The electricity demand gives the battery a short-term balancing role on the fine power mesh. Without such an electricity-side use, the battery would only be valuable when PV production cannot be used directly by the electrolyser in the same hour. In low-PV winter periods that would only add storage losses, so the optimal battery level could reasonably stay flat. Here the battery operates throughout the year:
julia> battery_input = balance(hourly.result, "battery", :input, energy; collapse=false, aggregate=true);
julia> daily_battery_input = [sum(battery_input[(24 * (day - 1) + 1):(24 * day)]) for day in 1:365];
julia> findfirst(>(1e-6), daily_battery_input), findlast(>(1e-6), daily_battery_input)
(1, 365)The June 1 to June 8 view of the hourly reference run shows the daily battery cycle and the slower hydrogen inventory movement:
The seasonal PV profile makes hydrogen storage a long-term balancing resource: the optimal level capacity is more than 1000 hours of flat hydrogen consumption. The main investment decisions are still almost unchanged between the two meshes. PV, battery, and electrolyser capacities are the same to the displayed precision; only the explicit hydrogen storage level changes slightly because it is represented on 4-hour intervals:
julia> table(hourly.result, capacity)
1×6 DataFrame
Row │ H2 consumption H2 storage PV battery electrolyser power demand
│ Float64 Float64 Float64 Float64 Float64 Float64
─────┼──────────────────────────────────────────────────────────────────────────
1 │ 0.0 1.9675e6 13397.0 4012.51 6085.6 0.0
julia> table(mixed.result, capacity)
1×6 DataFrame
Row │ H2 consumption H2 storage PV battery electrolyser power demand
│ Float64 Float64 Float64 Float64 Float64 Float64
─────┼──────────────────────────────────────────────────────────────────────────
1 │ 0.0 1.96288e6 13397.0 4012.51 6085.6 0.0The objective change is small compared with the reduction in model size:
julia> cost(hourly.result), cost(mixed.result)
(4.299739912750358e9, 4.299735289993873e9)
julia> 100 * (cost(mixed.result) / cost(hourly.result) - 1)

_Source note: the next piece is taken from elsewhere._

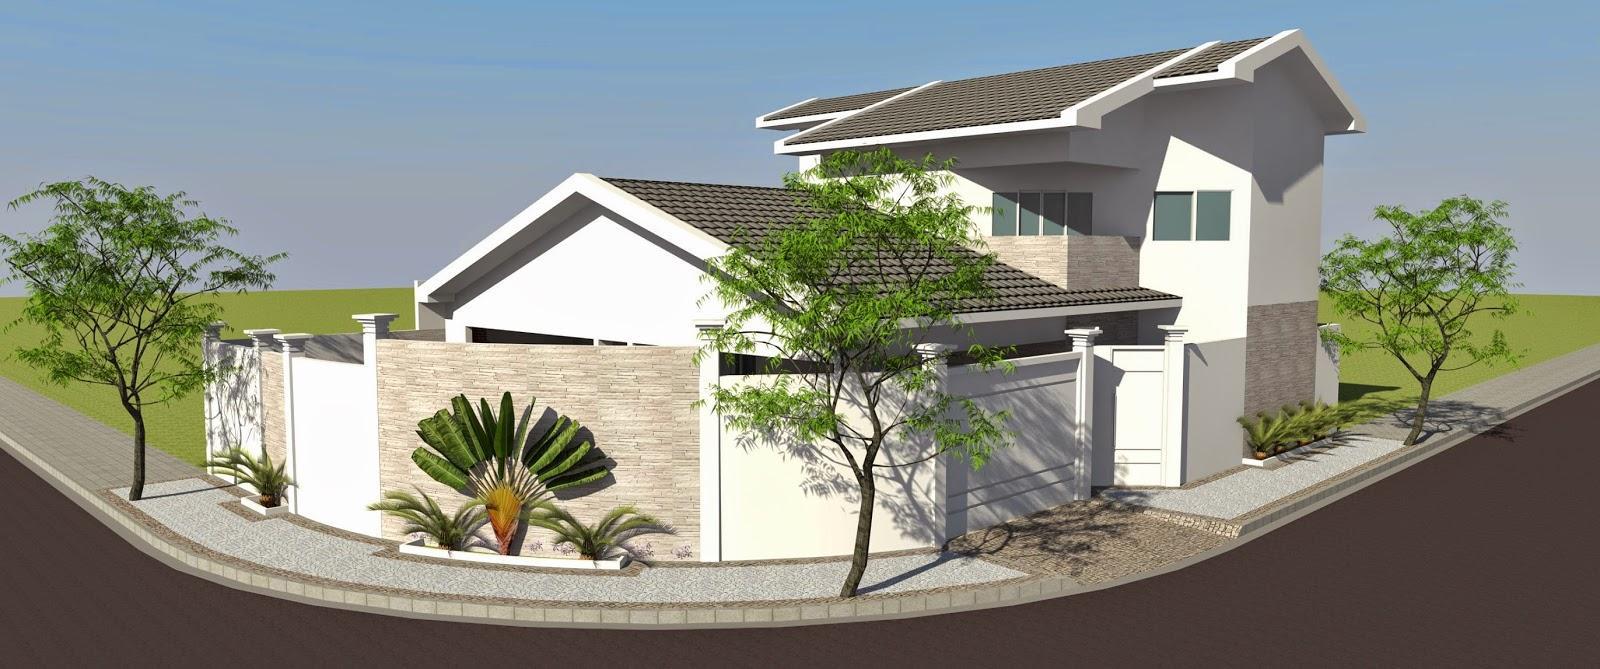 Fotos de fachadas de casas com texturas 100

-0.00010751246770634992A multi-mesh model is a good fit when different parts of the system are associated with different time scales. The electricity side has sub-daily structure that matters, but the hydrogen storage problem is mostly driven by seasonal inventory movements. The coarser hydrogen node effectively adds a small virtual buffer inside each 4-hour balance interval: hydrogen production and consumption only need to match over the interval, not at each individual hour. In this case that approximation is small compared with the seasonal hydrogen storage requirement, and the hydrogen side has little short-term variation of its own.
The same approximation would not be appropriate on the electricity side here. PV production and battery operation have strong intra-day variation, so moving the electricity node, PV, battery, or electrolyser electricity input to a coarse 4-hour mesh would hide the daily scarcity and surplus pattern and could give wrong investment results.